On the deformation theory of Fourier-Mukai transforms between Calabi-Yau varieties

TL;DR

This paper investigates how Fourier-Mukai transforms between Calabi-Yau varieties deform, revealing that obstructions are governed by Hodge theory and providing a new formula for the obstruction class related to the Chern character and Kodaira-Spencer class.

Contribution

It generalizes previous work by establishing that obstructions to deforming Fourier-Mukai transforms are controlled by Hodge theory in Calabi-Yau cases and introduces a new formula for the obstruction class.

Findings

Obstructions to deformation are governed by Hodge theory.

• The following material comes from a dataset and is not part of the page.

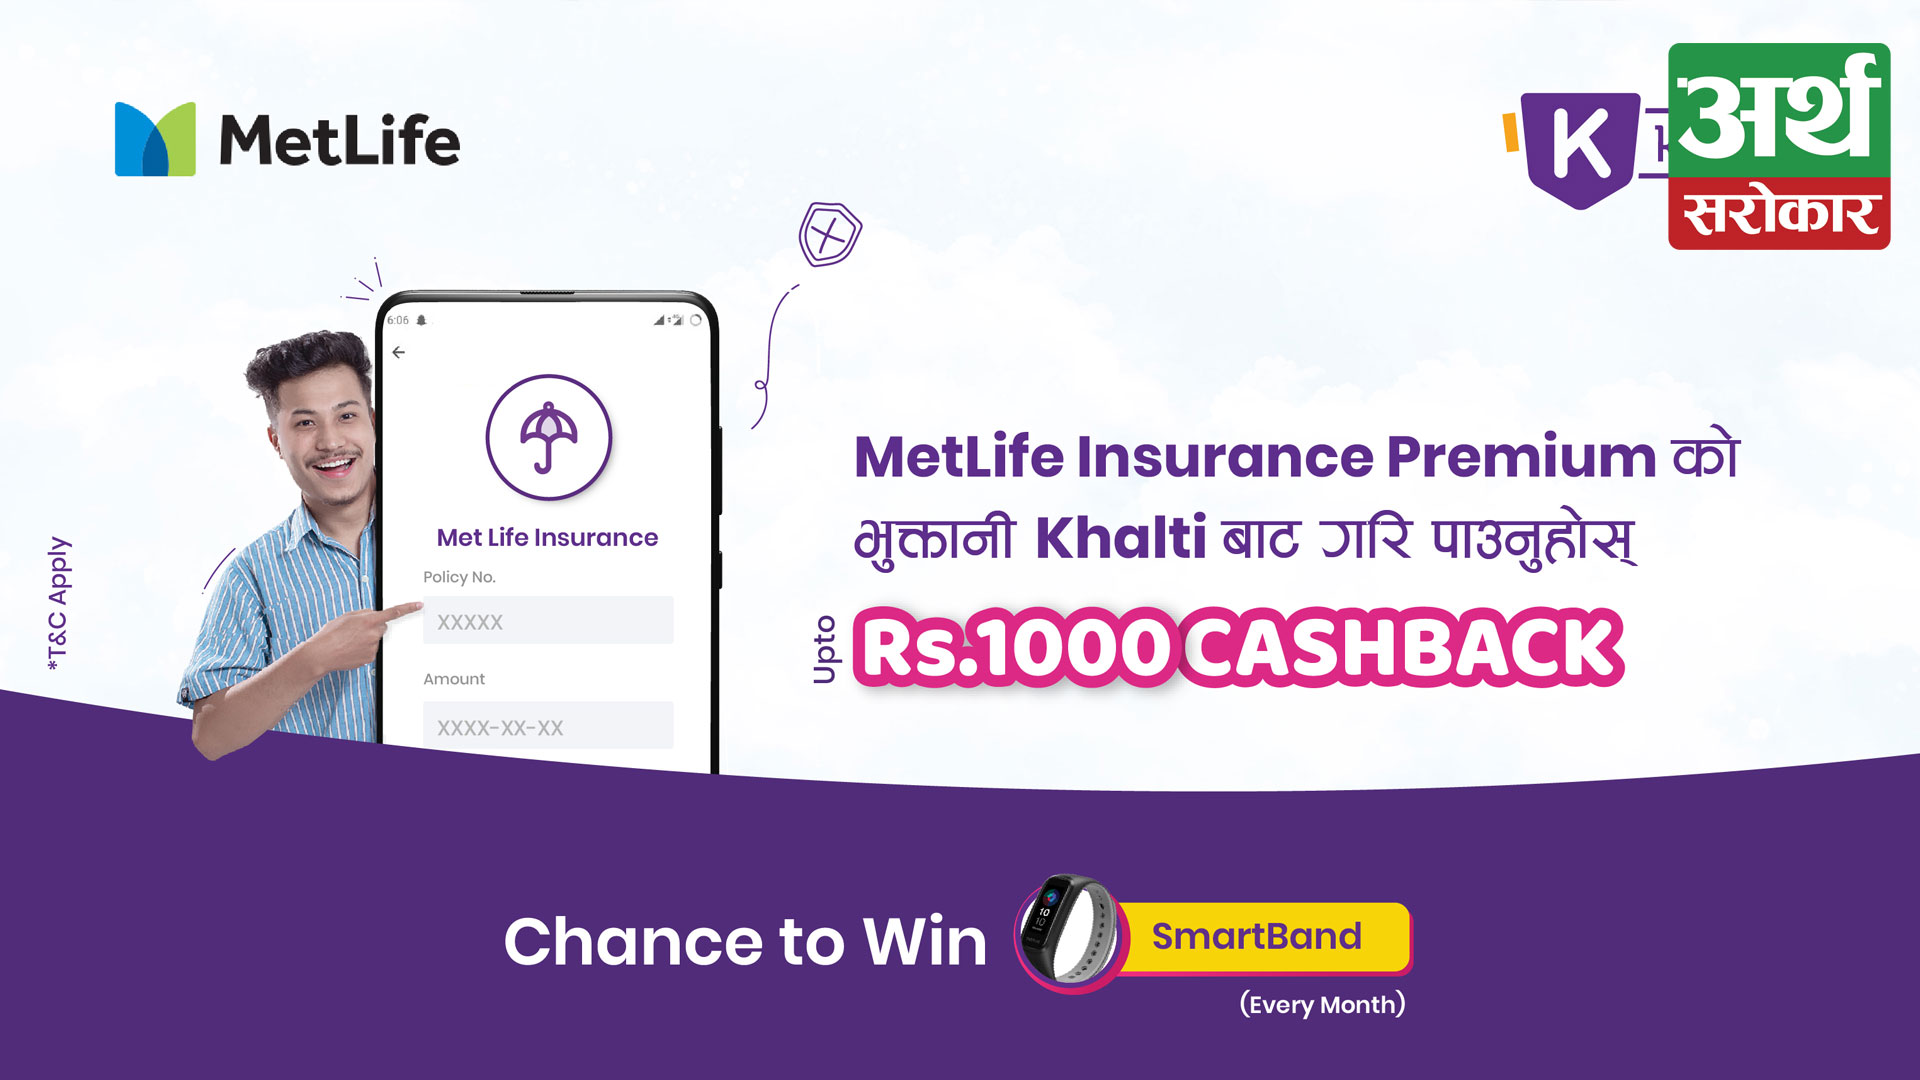 Get up to Rs. 1,000 cashback on MetLife Insurance Payment through Khalti

A new formula for the obstruction class involving the Chern character and Kodaira-Spencer class.

Extension of deformation results to mixed characteristic settings.

Abstract

We study the deformation theory of fully faithful Fourier-Mukai transforms in both characteristic zero and mixed characteristic. Our main result shows that obstructions to deforming such transforms can be completely controlled by Hodge theory when the source variety has trivial canonical bundle, generalizing work of Addington-Thomas and Lieblich-Olsson. The main technical contribution is a formula for the obstruction class measuring the failure of a Chern character to remain within the Hodge filtration as a cup product with a (derived) Kodaira-Spencer class.